As Gilbert Achcar of London’s School of Oriental and African Studies observes, Gaddafi was hardly considered hostile to the West, maintaining warm relations with commercial, political and strategic interests. Yet the problem now may be his increasing potential for independence. Chomsky cites the Wall Street Journal’s opinion that the West “hasn’t yet figured out how to control the new rising elements; the assumption is of course that we have to control them”. Gaddafi has now become increasingly isolated in the region and internationally, and the West may have figured that he is both dispensable and more trouble than he is worth. SeveralGuardian writers cite “analysis suggesting that if Gaddafi survived the revolt he would revert to his old anti-western, terrorism-sponsoring ways and become a real threat to US interests” as a major factor in prompting the decision for intervention.
SOAS lecturer in Middle Eastern politics Laleh Khalili comments that:
“The Europeans and North Americans were happy to cooperate with and support Qaddafi as long as he fought Al-Qa’ida (however brutally) and provided access to resources; but he has always proved unreliable and unpredictable and even at the height of the hugging-and-kissing times, the Europeans were wary of him. They would much rather have a regime in power that is more predictable and “stable”, even if it is as brutal as the Qaddafi regime.”
Media Lens cite one 2007 Wikileaks cable hinting in this direction – noting that:
“those who dominate Libya’s political and economic leadership are pursuing increasingly nationalistic policies in the energy sector that could jeopardize efficient exploitation of Libya’s extensive oil and gas reserves. …”

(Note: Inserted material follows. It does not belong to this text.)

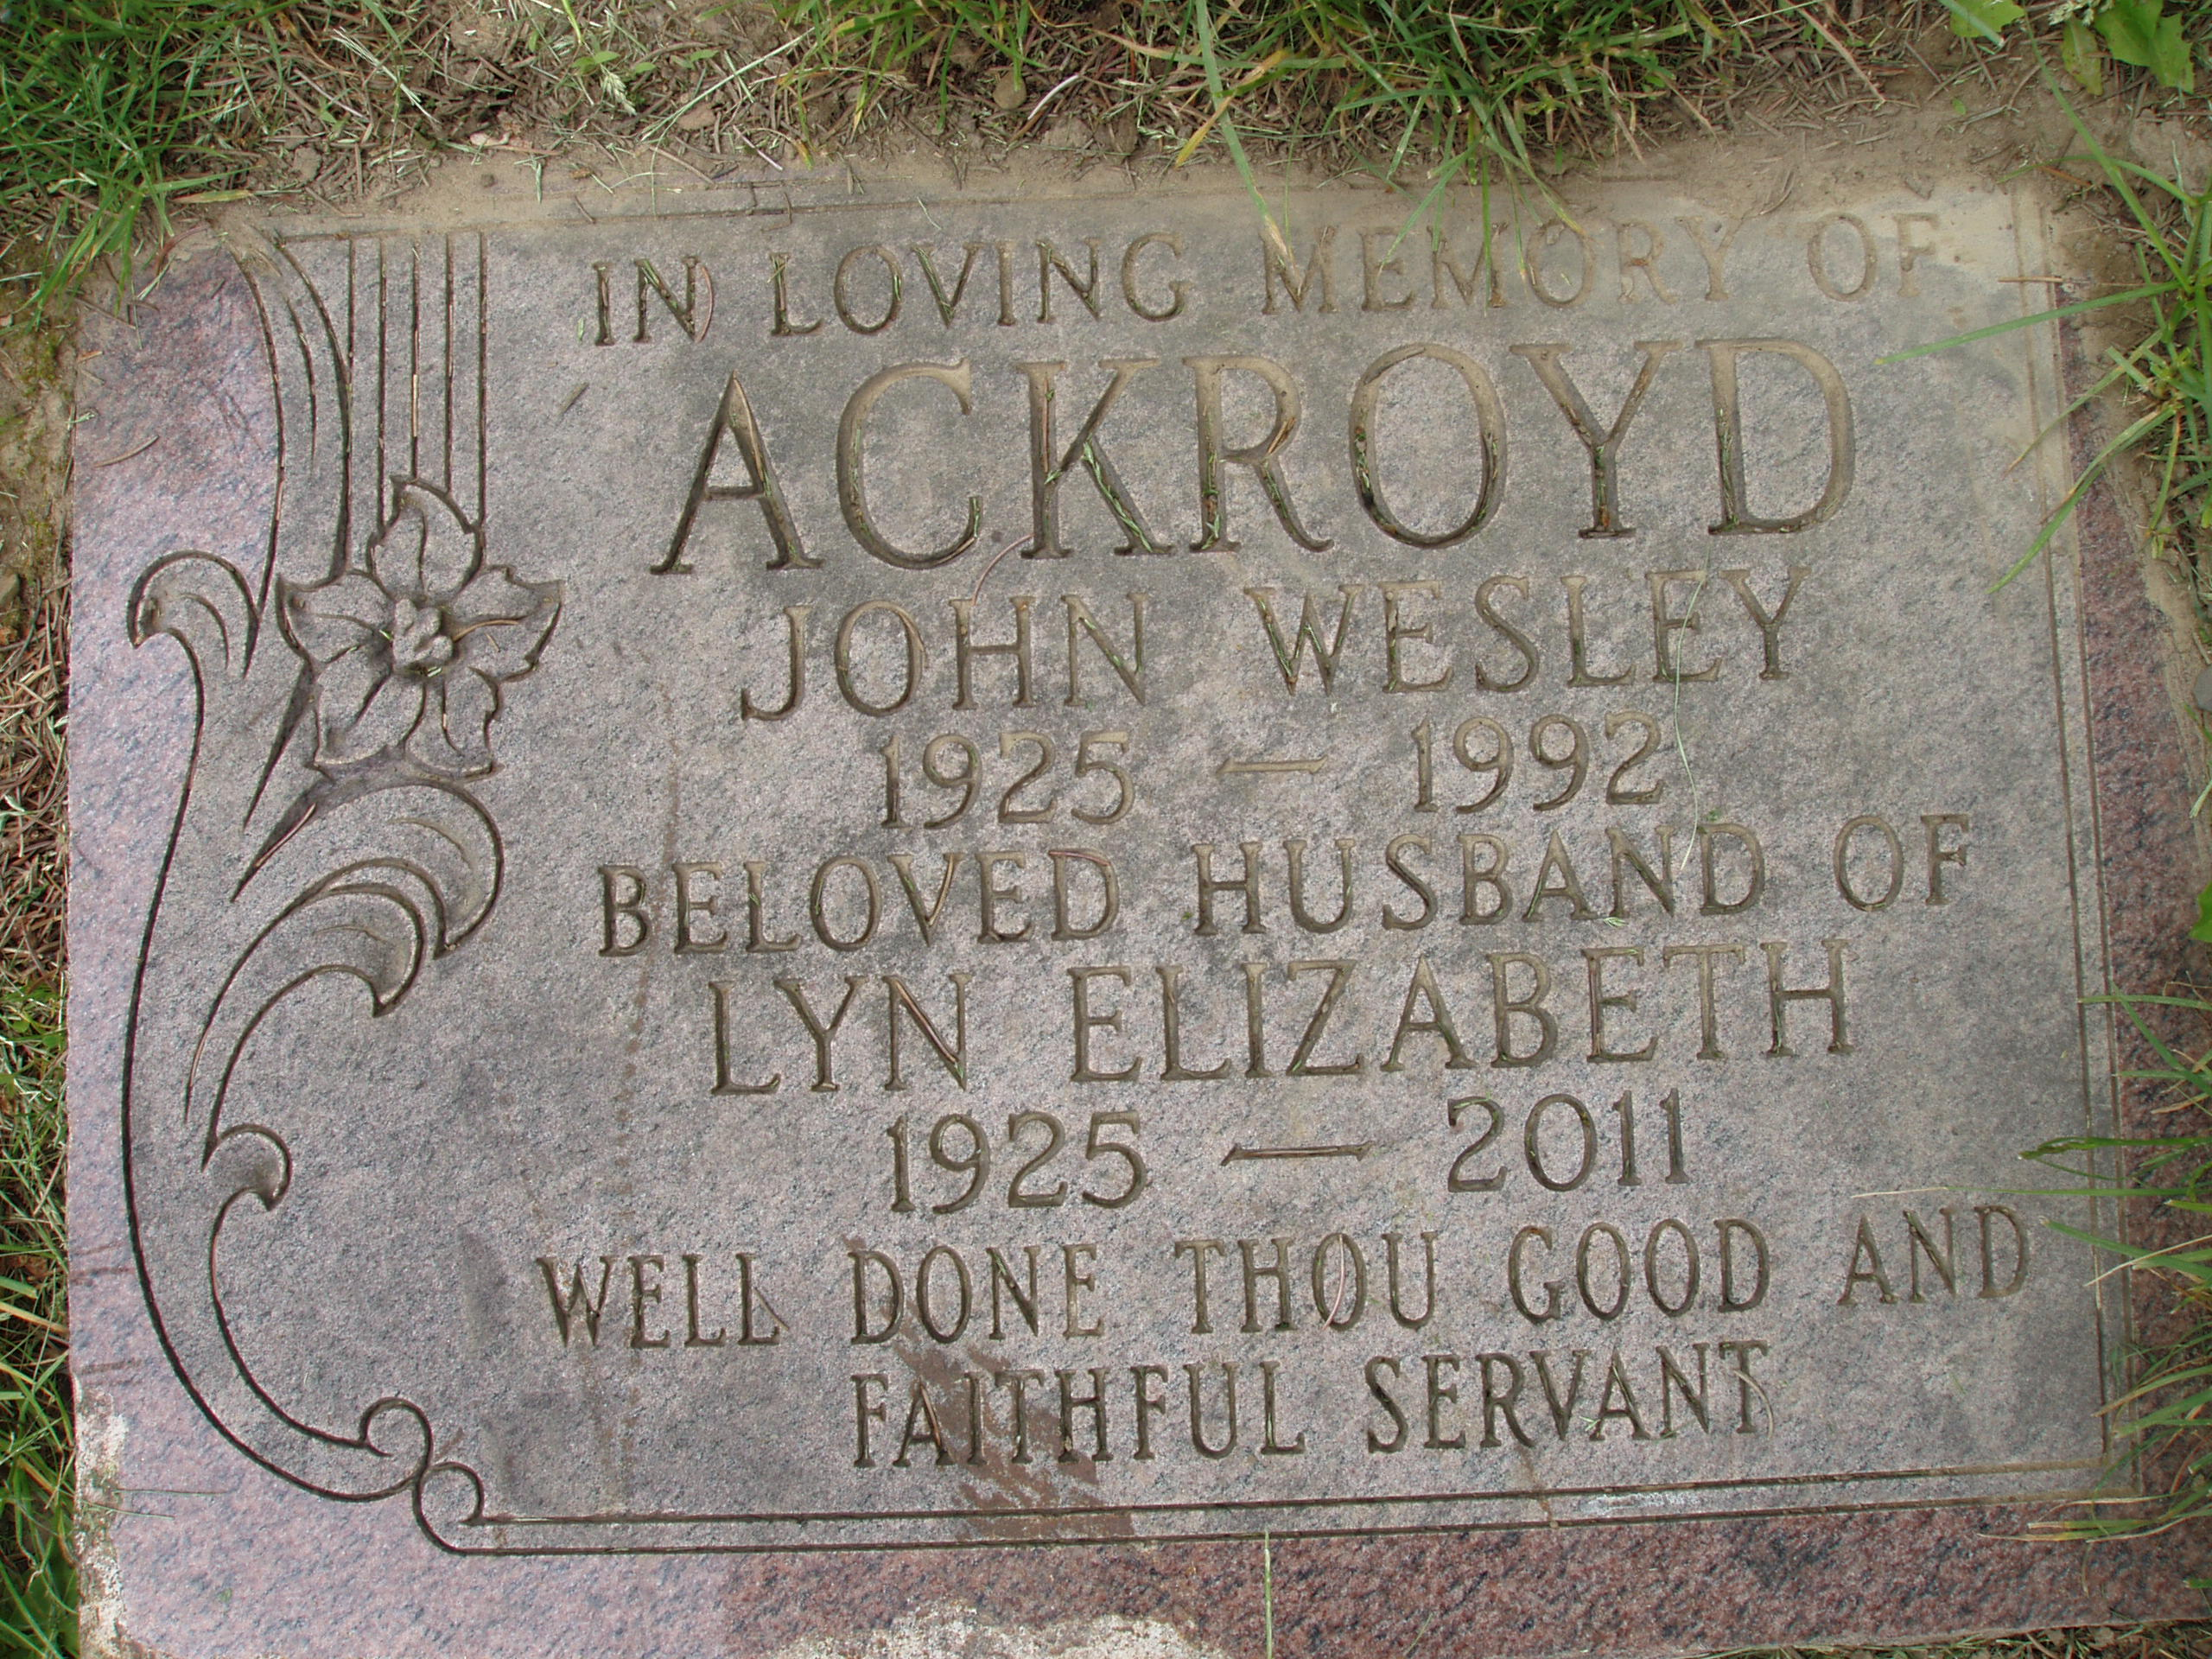 Jack Wesley Kojack Ackroyd

One oil and gas trade publication supports this – telling readers:
“Libya’s upstream had begun to lose some of its lustre before the onset of violence in the country, and even a swift end to the current rebellion presents risks to foreign operators in the North African state. … Ongoing violence in Libya has begun to raise questions about the way forward for international oil companies (IOCs) in the restive North African state. Operators face an uncertain future even if a swift end to violence sees the Qadhafi regime remain in power.”
According to the Middle East Reseach and Information Project, leaving the situation alone was beginning to look unappealing to Western interests:
“The balance of argument in the corridors of power was shifting to the judgment that neither Qaddafi nor the rebels would triumph: Rather, the most likely outcomes were a war of attrition or a partial regime reconquest bedevilled by a prolonged insurgency. … At the same time, the US was swinging to the view already held by France and other key European Union states: Such outcomes were intolerable, partly because oil flows might be interrupted, but more importantly because migrant flows might spike as Libya morphed into that Washington bugbear, the “failed state.”
The Financial Times has also noted the upward pressure on oil prices if Saudi production falls or “instability” spreads in the region. In the longer term, this threatens Western economic interests, as business reporter William Alden notes:
“If [oil] prices come back down after a short while, the impact on the U.S. economy is relatively limited,” said Gregory Daco, a senior economist in the U.S. macroeconomics group at IHS Global Insight, an economic and financial analysis firm. “However, if prices do stay at a higher level for six months to a year, the impact on growth can be relatively important.”